His words pulled at something, hauling it up until it came to me. “There was something on the wall or on the table where it happened.”
Sam looked at me like he didn’t know me. He didn’t, not really. Reaching into his pocket, he laid a folded scrap of paper on the table.
He didn’t need to unfold it for me to know what I’d see. Some things follow you, no matter how hard you try to shake them off. Even if the past doesn’t weigh you down, it never really goes anywhere.
After some hours, the storm passed. Lucky, I thought; all show and little substance. I saw to the animals and went with Sam.
I didn’t need to go; didn’t want to. I knew what I’d see there, but it was either that or stay in the house and keep drinking. The latter was more attractive, but only insofar as it was my routine and I’m a man of habit. The former got its teeth into me — sinking into the old wounds, and opening them up again.
“Some call it witch’s foot or the broken cross,” I said, holding the piece of paper in both hands — more to stop the shakes than anything else.
“You saw it before?” “A long time ago.”
Sam didn’t press anymore; he was good like that. I can’t say if I would’ve put up much of a fight if he did. Something was wearing down inside me, crumbling with the trundling of the wheels. The bourbon had eroded the old walls, so there wasn’t much left to hold it in place.
They’d been dead a while before anyone found them — not the Camerons, but another family in another place. It was in the meat-packing district; they were as Polish as it gets, but that wasn’t anything special. No one else wanted it, so they gave it to me.

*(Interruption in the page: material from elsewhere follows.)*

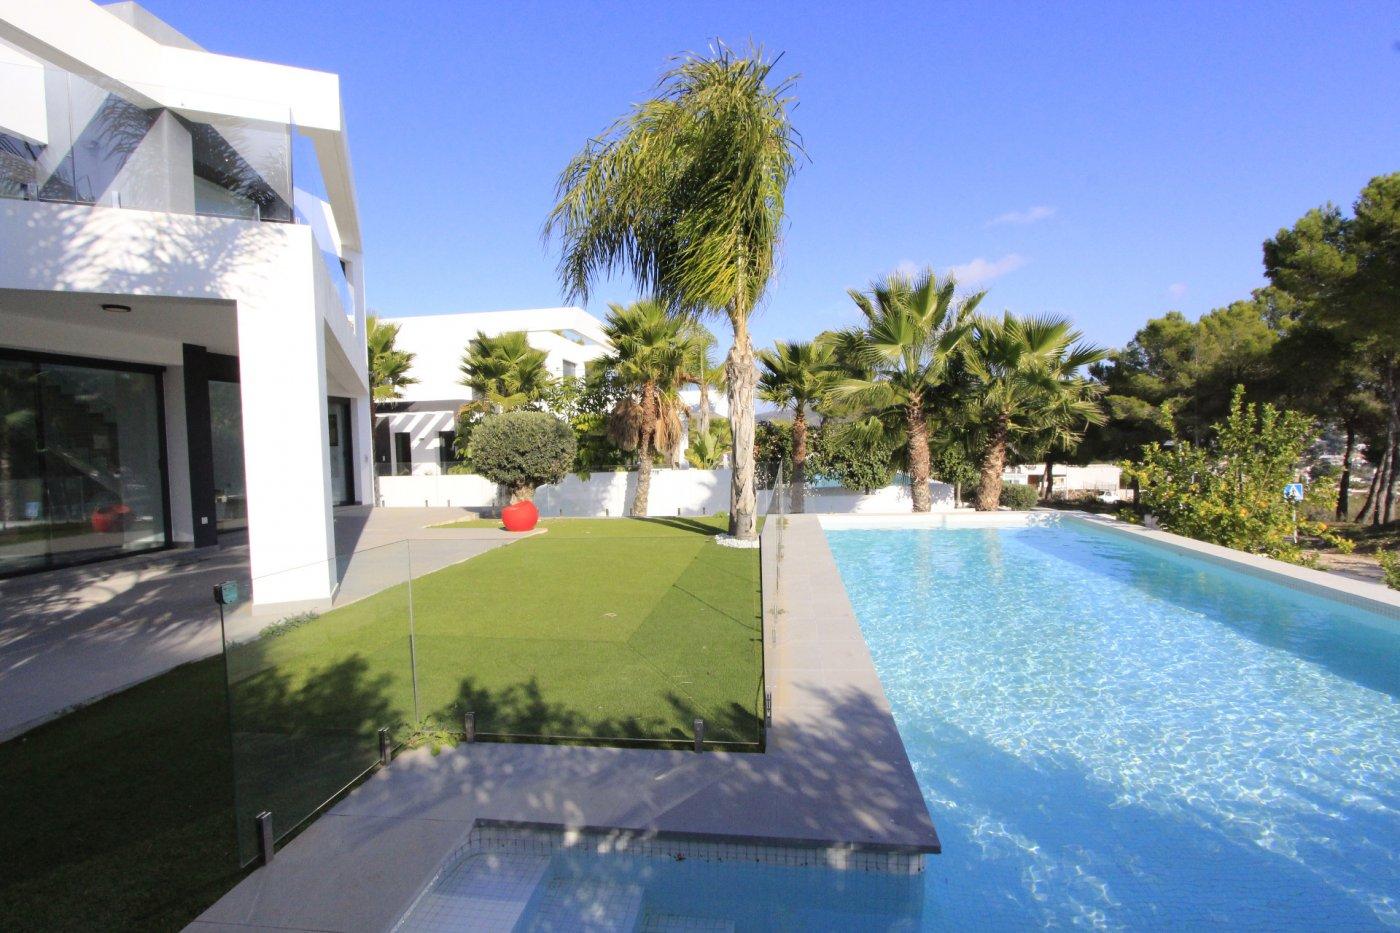 Villa moderna ubicada en zona tranquila, cerca del centro y de las playas de Moraira

As bad ones go, it was pretty bad. The father was in his place at the top of the table; his head leaning back across the chair rest so far that his neck looked fit to snap. His mouth was frozen in a smile, almost too wide for his mouth to hold; you might have thought he was happily drunk, if not for the black pits where his eyes used to be.
His wife was to his left, facedown across the table in a pool of congealed blood.
I looked at each of the children, but tried my best not to take in the details. The flies helped with that. They were so thick and fat you had to squint and cover your mouth in case one or a dozen found their way in. Left alone to gorge for so long, they treated us like intruders to a meal, which I suppose we were.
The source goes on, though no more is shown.